For Python projects, mutmut is a popular choice:

pip install mutmut

Running mutmut

mutmut run --paths-to-mutate=src/

View results:

mutmut results

Inspect a specific surviving mutant:

mutmut show 42

This displays the exact code change that survived, so you can write a test to kill it.

Example Output

--- src/cart.py
+++ src/cart.py (mutant 42)
@@ -12,7 +12,7 @@
 def apply_discount(total, discount_pct):
-    if discount_pct > 0 and discount_pct <= 100:
+    if discount_pct > 0 and discount_pct < 100:
         return total * (1 - discount_pct / 100)
     return total

The mutant changed <= to <. If no test uses discount_pct=100, this mutant survives.

Dealing with Surviving Mutants

Not every surviving mutant indicates a real problem. Here are strategies for handling them:

Write the missing test

Most surviving mutants point to genuine gaps in your test suite. The fix is straightforward: write a test that exercises the boundary or condition the mutant modified.

Equivalent mutants

Some mutants produce code that behaves identically to the original. For example, changing the order of an addition (a + b becomes b + a) produces an equivalent mutant that cannot be killed. These are false positives. Mark them as ignored in your configuration.

Infinite loop mutants

Some mutants create infinite loops (for example, removing a loop increment). Stryker handles this with a timeout. If a mutant causes the test to hang, it is classified as timed out and counted as killed.

Trivial mutants

Sometimes a mutant changes dead code or logging. You can exclude these files from mutation:

// stryker.config.mjs
export default {
  mutate: [
    "src/**/*.ts",
    "!src/**/*.test.ts",
    "!src/logger.ts",        // exclude logging
    "!src/config.ts",        // exclude config
  ],
};

Performance Considerations

Mutation testing is inherently slow because it runs your entire test suite once per mutant. A project with 500 mutants and a 30-second test suite would take over 4 hours.

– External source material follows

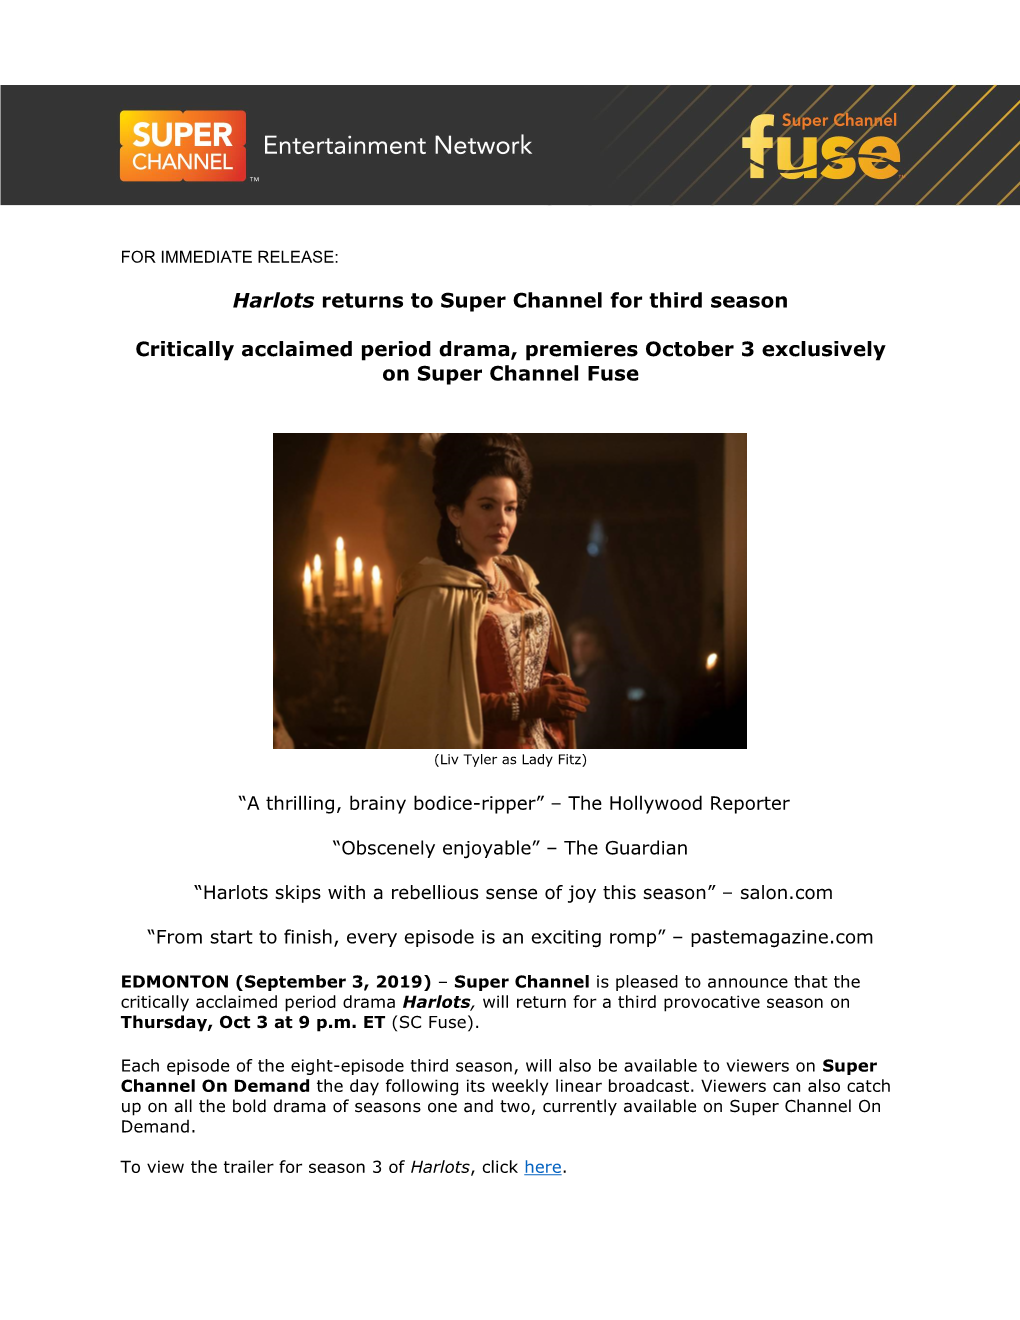 Harlots Returns to Super Channel for Third Season Critically Acclaimed Period Drama, Premieres October 3 Exclusively on Super Ch

Strategies to speed it up:

  • Incremental mutation testing. Only mutate files that changed since the last run. Stryker supports this with --incremental.
  • Coverage-based filtering. Only run the tests that cover the mutated code, not the entire suite. Stryker does this with coverageAnalysis: "perTest".
  • Focus on critical code. Do not mutate everything. Focus on business logic, not boilerplate.
  • Run overnight in CI. Mutation testing does not need to be in your fast feedback loop. Run it nightly or weekly.
# Incremental run in CI
npx stryker run --incremental

Setting Thresholds

You can configure Stryker to fail the build if the mutation score drops below a threshold:

thresholds: {
  high: 80,   // green badge
  low: 60,    // yellow badge
  break: 50,  // fail the build below this
}

Start with a low break threshold and increase it gradually as you improve your tests.

Mutation Testing in CI/CD

Add mutation testing to your CI pipeline, but keep it separate from your fast test stage:

# .github/workflows/mutation.yml
name: Mutation Testing
on:
  schedule:
    - cron: "0 2 * * 1"  # Every Monday at 2 AM
  workflow_dispatch:

jobs:
  mutate:
    runs-on: ubuntu-latest
    steps:
      - uses: actions/checkout@v4
      - uses: actions/setup-node@v4
      - run: npm ci
      - run: npx stryker run --incremental
      - uses: actions/upload-artifact@v4
        with:
          name: mutation-report
          path: reports/mutation/

Key Takeaways

Code coverage measures execution. Mutation testing measures detection. A high mutation score means your tests actually verify behavior, not just run code. Start with Stryker for JavaScript/TypeScript or mutmut for Python. Focus on business-critical code, use incremental runs to manage performance, and treat surviving mutants as a guide for where to add more precise assertions. Aim for progress over perfection — even going from 0% to 60% mutation score reveals the most dangerous gaps in your test suite.